Additionally, FINRA provides useful resources such as BrokerCheck and databases to help potential investors verify the identity and reputation of a particular broker or dealer before making an investment decision. So, if you are looking forward to getting into cryptocurrency investment, don’t entrust anyone with your hard-earned money blindly. Before you do that, be sure to check out the resources provided by FINRA and the SEC EDGAR database.

3. How FINRA Regulates Cryptocurrencies

Primarily, FINRA regulates the financial professionals that work with stocks, securities, and any other related investment rather than the securities themselves. In that regard, FINRA might not be regulating cryptocurrency directly. Rather, it oversees the professionals involved in the cryptocurrency financial industry.

FINRA aims at helping cryptocurrency investors to invest safely. It educates investors, making them vigilant of cryptocurrency scams and investment frauds. That way, any potential cryptocurrency investor can make an informed decision before handing over his/her money to a cryptocurrency broker.

FINRA also emphasizes checking to validate that a particular cryptocurrency dealer is registered and certified. Otherwise, if fraud occurs, it may be difficult for FINRA to hold them accountable.

4. FINRA Can Help with Cryptocurrency Fraud Claims

While investing in any digital currency, you may be prone to a breach of contract by your broker, fraud, unsuitable investments, and any other related problems that might harm your investment. However, provided that your crypto broker was fully registered by FINRA, then FINRA can help you hold them accountable. If an investor is violated, he/she can file a claim against the broker or financial advisor via FINRA’s process of arbitration, which we briefly mentioned above. The FINRA’s rules set through SEC, state laws, federal laws, and other professional regulations are used to determine the type of fraud and the amount of damage the broker has to pay.
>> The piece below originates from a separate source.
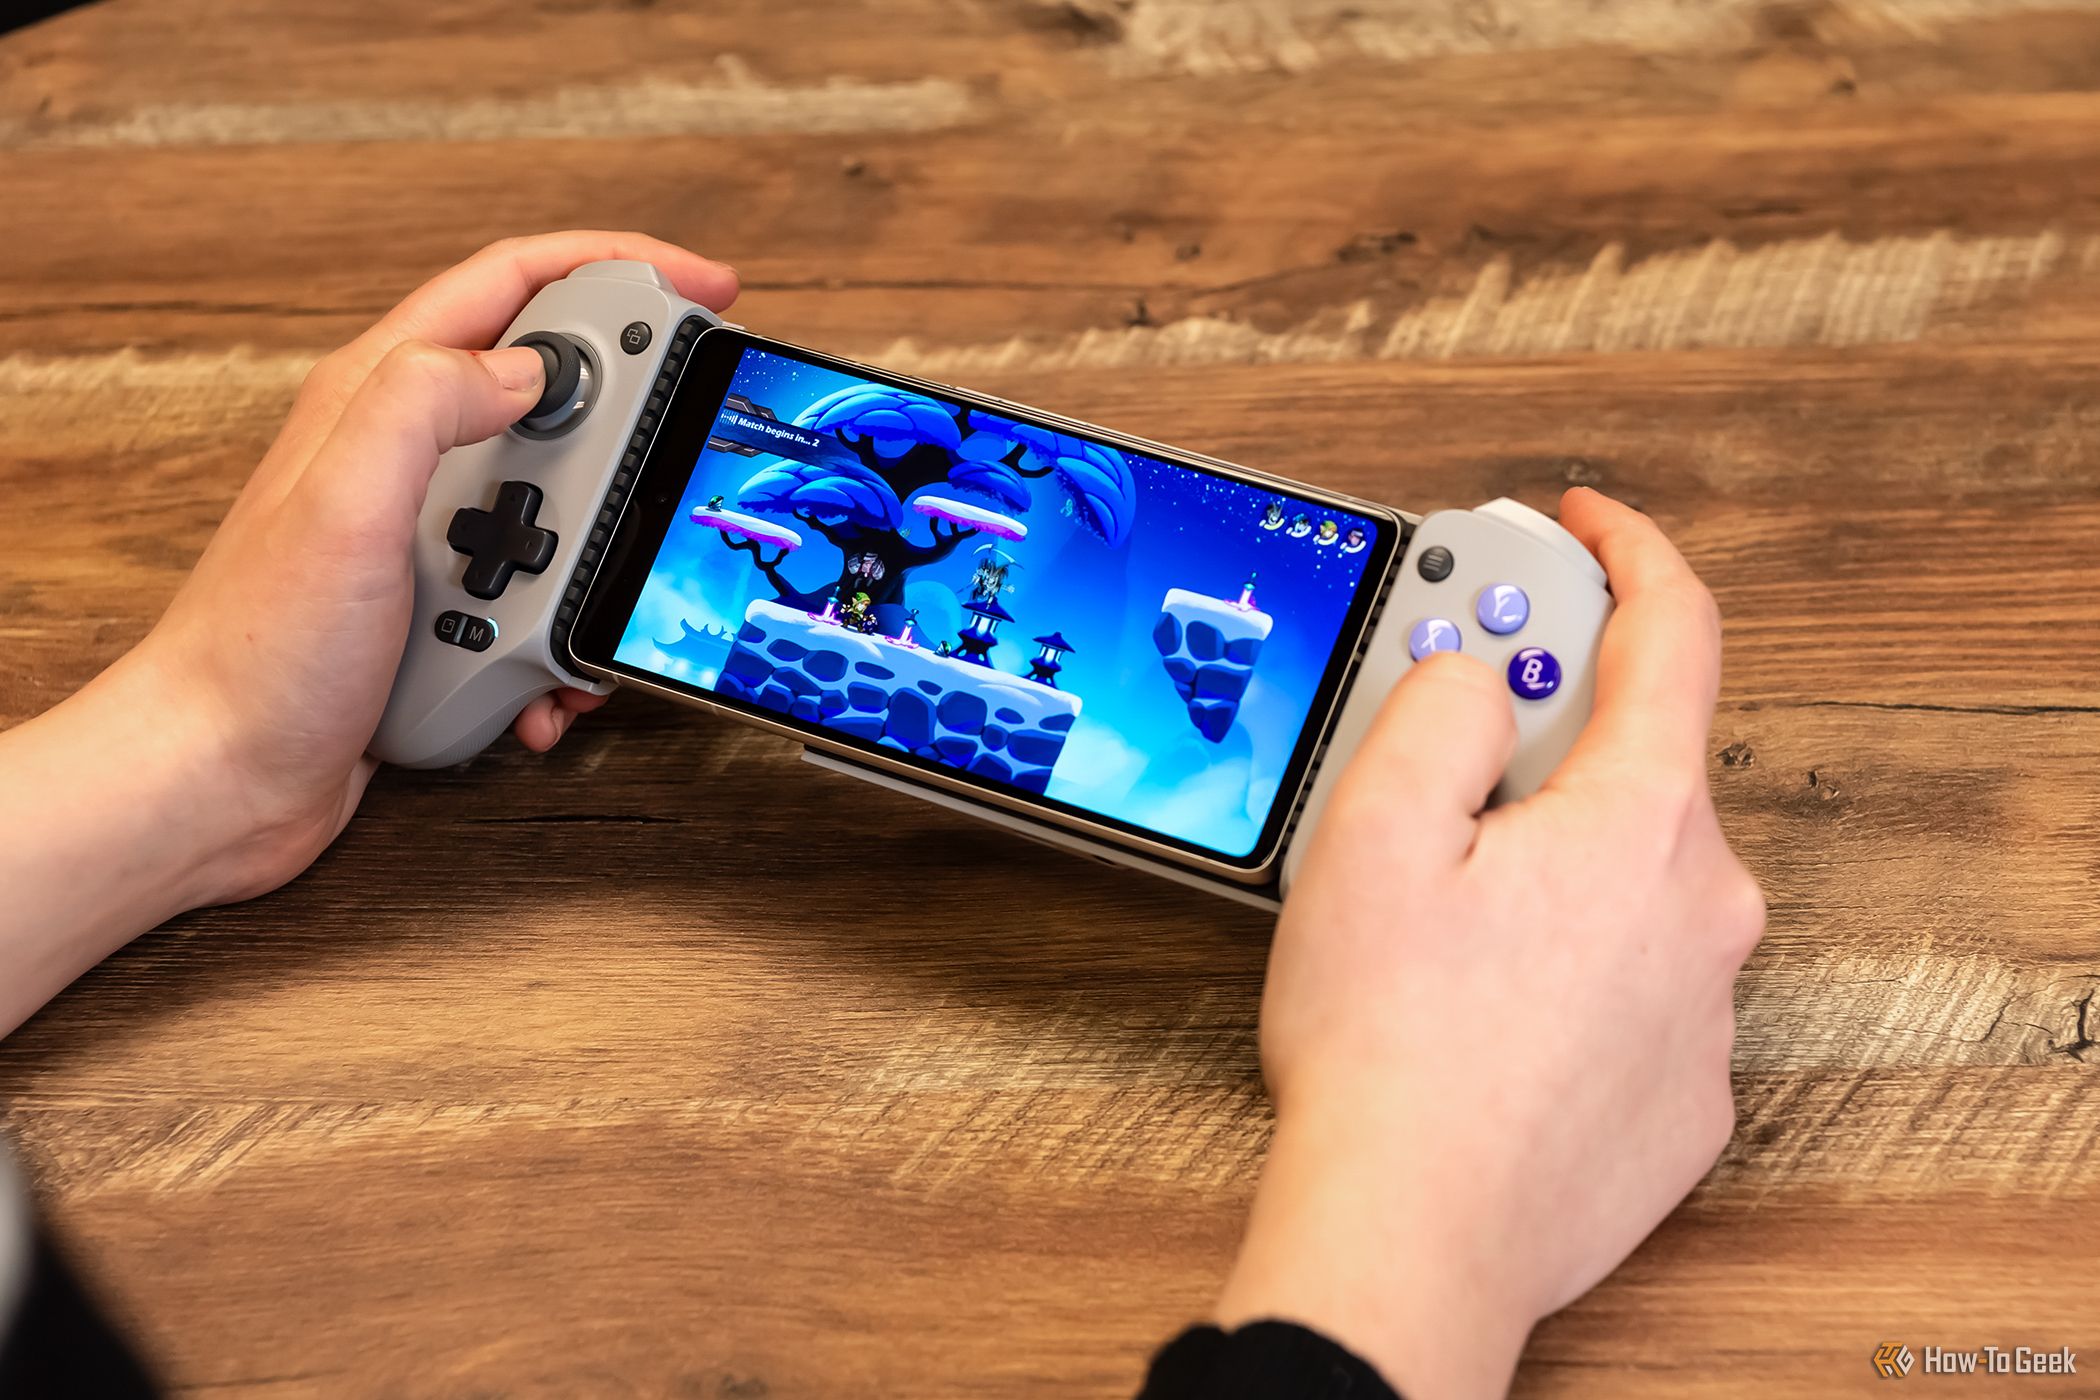 NEW GameSir G8 Galileo Mobile Game Controller: The Best One Yet?

As highlighted in this article FINRA’s job is primarily to regulate the financial professionals that work with stocks and securities. They do not directly regulate the securities themselves. However, with the increasing popularity of cryptocurrencies and the subsequent increase in fraudulent deals, perhaps FINRA could one day step in and regulate the trade of today’s virtual currencies. The only way to find out is to wait and see.